##                  TOP REPOSITORIES FOR GITHUB TOPICS
                              Steps:


#### 1.Pick a website and describe your objective
- Browse through different sites and pick on to scrape. Check the "Project Ideas" section for inspiration.
- Identify the information you'd like to scrape from the site. Decide the format of the output CSV file.
- Summarize your project idea and outline your strategy in a Juptyer notebook. Use the "New" button above.

#### 2.Use the requests library to download web pages
- Inspect the website's HTML source and identify the right URLs to download.
- Download and save web pages locally using the ***requests*** library.
- Create a function to automate downloading for different topics/search queries.

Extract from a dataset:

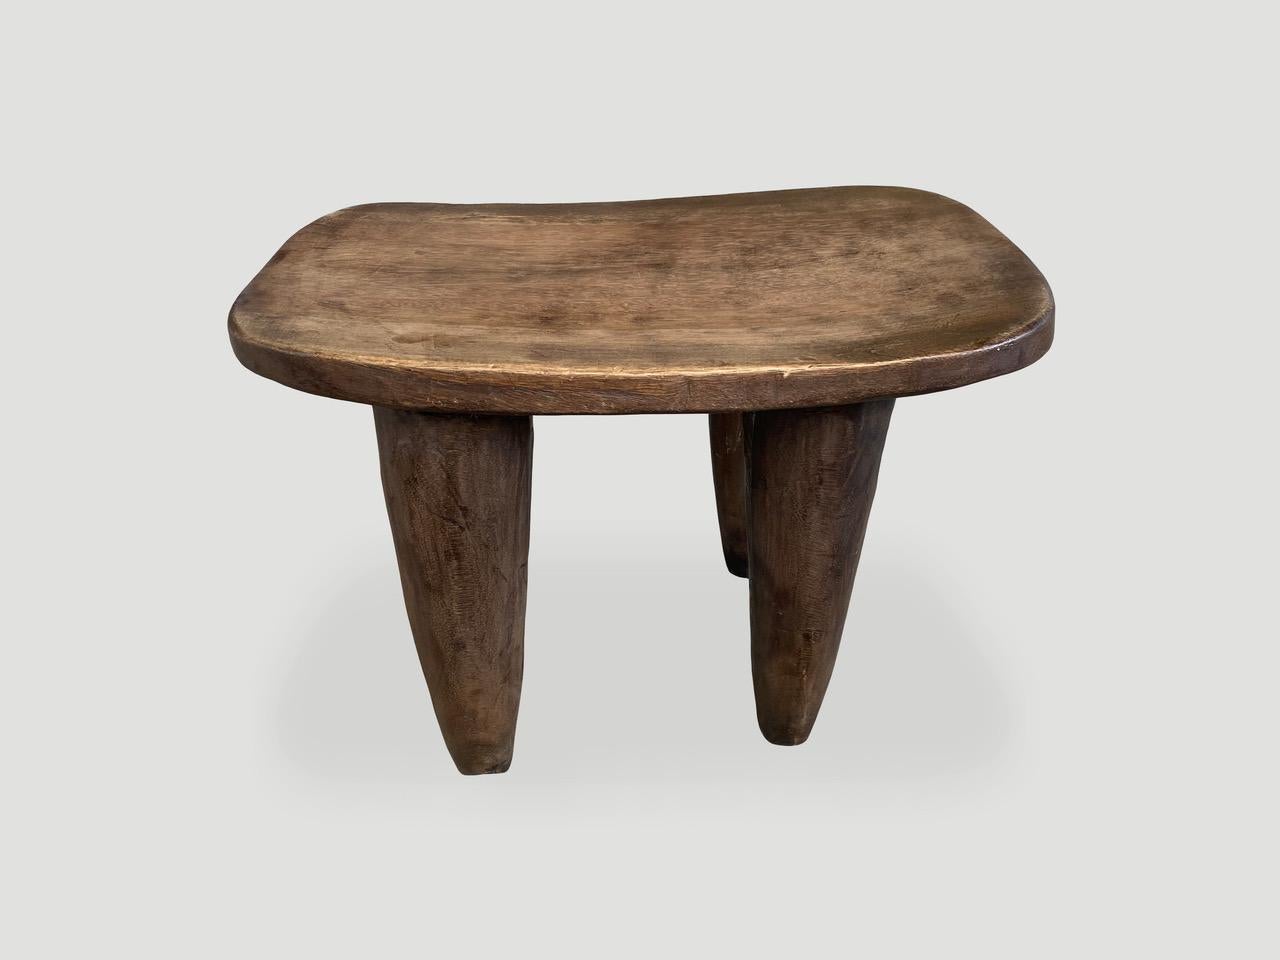 Beautiful antique side table or small bench, hand carved from a single block of wood with beautiful patina. Both sculptural and usable. Shown with cone style legs. We only source the best. 

This side table or stool was sourced in the spirit of

#### 3.Use Beautiful Soup to parse and extract information
- Parse and explore the structure of downloaded web pages using ***Beautiful soup***.
- Use the right properties and methods to extract the required information.
- Create functions to extract from the page into lists and dictionaries.
- (Optional) Use a REST API to acquire additional information if required.


#### 4.Create CSV file(s) with the extracted information
- Create functions for the end-to-end process of downloading, parsing, and saving CSVs.
- Execute the function with different inputs to create a dataset of CSV files.
- Verify the information in the CSV files by reading them back using Pandas.


#### 5.Document and share your work
- Add proper headings and documentation in your Jupyter notebook, in Datalore
- Publish your Jupyter notebook to your Jovian profile
- (Optional) Write a blog post about your project and share it online.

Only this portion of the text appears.